2. Factor x^2+3x-18:
To factor this quadratic polynomial, we need to find two numbers that multiply to -18 and add up to 3. These numbers are 6 and -3.
So, we can rewrite the polynomial as (x+6)(x-3).
Now, we can rewrite the original polynomial as the product of the linear factors:
(x^2-7x+6)(x^2+3x-18) = (x-1)(x-6)(x+6)(x-3)

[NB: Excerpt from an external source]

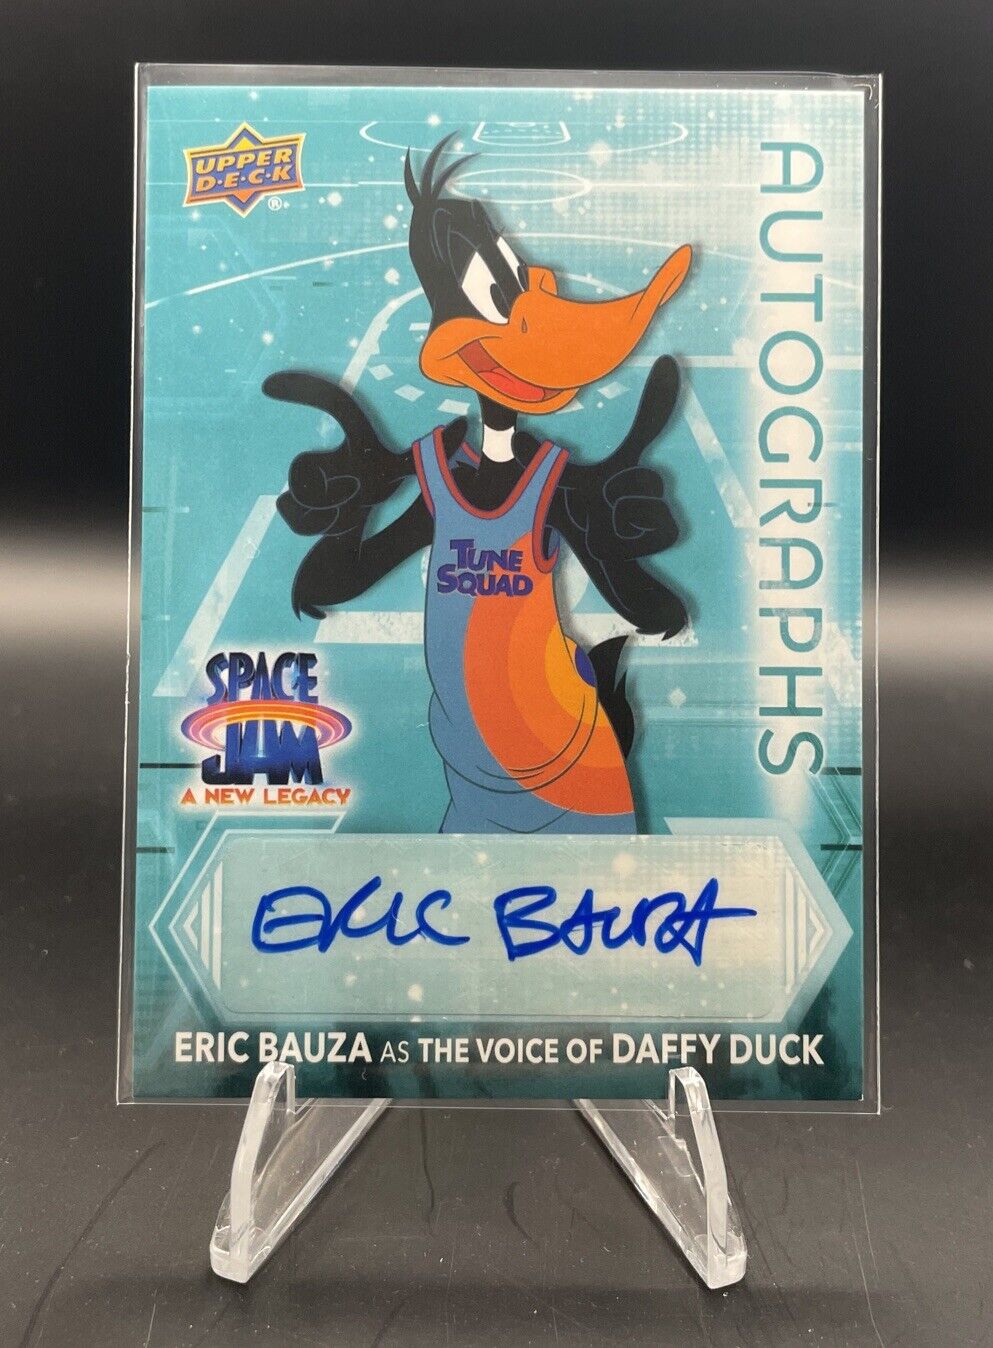 Upper Deck Space Jam A New Legacy Eric Bauza Teal Auto Autograph Daffy Duck A

To decompose the polynomial (x^2-7x+6)(x^2+3x-18) into linear factors, we can first factor each quadratic expression separately and then combine the factors.
Factor x^2 - 7x + 6:
To factor this quadratic expression, we need to find two numbers whose product is 6 and whose sum is -7. The numbers -6 and -1 meet these conditions, so we can rewrite the expression as (x - 6)(x - 1).
Factor x^2 + 3x - 18:
To factor this quadratic expression, we need to find two numbers whose product is -18 and whose sum is 3. The numbers 6 and -3 meet these conditions, so we can rewrite the expression as (x + 6)(x - 3).
Now, we can combine the factors:
(x^2 - 7x + 6)(x^2 + 3x - 18) becomes (x - 6)(x - 1)(x + 6)(x - 3).
Therefore, the polynomial (x^2-7x+6)(x^2+3x-18) can be decomposed into linear factors as (x - 6)(x - 1)(x + 6)(x - 3).